After the sessions finished, I went down to the Gardens By The Bay to look at the Supertree Grove. As you can see, a "super" tree is by any definition actually a network.


Singapore, Day 4


There was more heavy maths today.

Charles Semple started by counting trees within specified types of network. In the process, he provided the first mathematical proof of the week (he actually provided two). He also raised the issue of what, exactly, is a phylogenetic network — we have had many mathematical restrictions placed on networks this week, and it is not always clear how any of them might relate to biological concepts.

Leo van Iersel tried constructing super-networks from incomplete sub-networks, sticking to algorithms rather than proofs. Yufeng Wu and Zhi-Zhong Chen later tried the same strategy for their networks, as did Lusheng Wang for pedigree comparison (he was the only person other than myself to even mention pedigrees).

Mike Steel considered under what circumstances a network can be viewed as a "tree with reticulations" rather than a non-tree network (ie. not every vertex is part of the same underlying tree); this led him to the interesting observation that whether a dataset can be represented by a tree can depend on the taxon sampling.

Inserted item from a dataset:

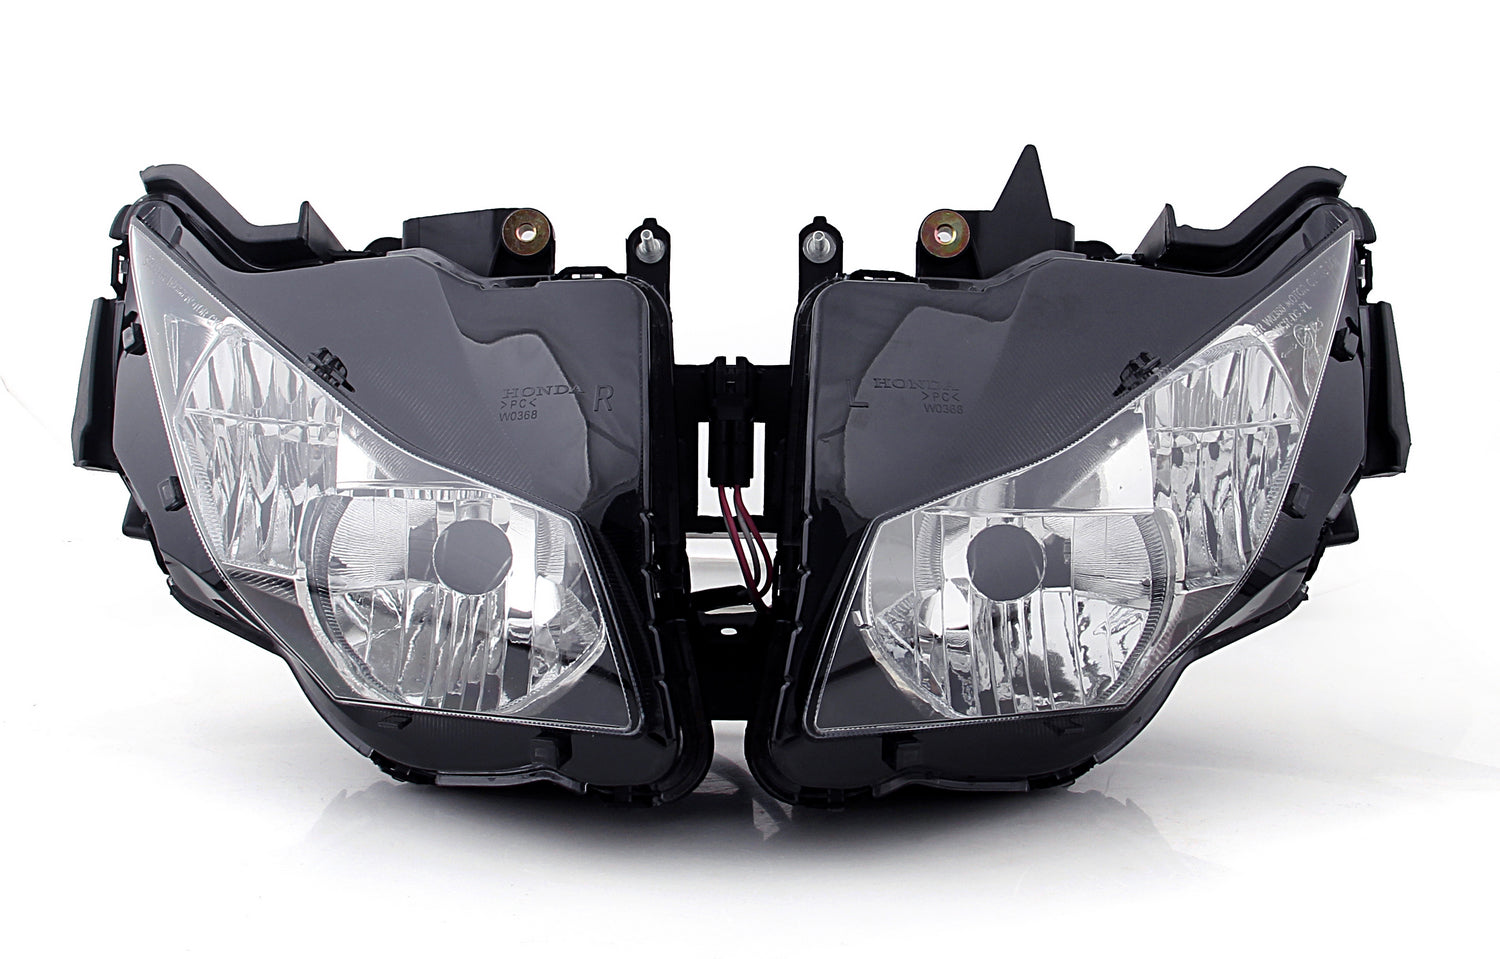 Ensamblaje de faros, luz de motocicleta, apto para Honda CBR1000RR 2012-2016 genérico

He also looked at when a set of non-tree distances can appear to be tree-like, which is the sort of question that only a mathematician would ask.

Most of the audience interjections this week have come from Sagi Snir, and the rest of the speakers got to return the favor this afternoon, when he spoke about trying to reconstruct trees subject to large amounts of horizontal gene transfer. In the process, he also tried to "sketch" a mathematical proof, which turned into a full-sized painting, before moving on to his algorithm.


Singapore, Day 3


It was hard going this morning for the biologists, as there were three main computational talks. First, Vince Moulton further developed some of his ideas about split networks, including median networks, quasi-median networks and neighbor-nets, and what sorts of trees they might contain. Then, Céline Scornavacca expanded on her ideas for calculating the "hybrid number". Finally, Jens Lagergren outlined his work on fitting gene trees to known species trees and networks; this has come a long way in recent years.

We had the afternoon off, although many people took the opportunity to pretend that they were still in their offices at home. Myself, I sat by the pool waiting for the temperature to cool (this was the hottest day so far this week), and then went to the Singapore Botanical Gardens, where I circumnavigated the Evolution Garden, the National Orchid Garden, and the Rainforest Walk. I then briefly perused Orchard Street (one of the most ridiculous shopping meccas you will ever see) and the Raffles Hotel (an even more ridiculous hang-over from British imperialism), before returning to the pool side. It's a tough life.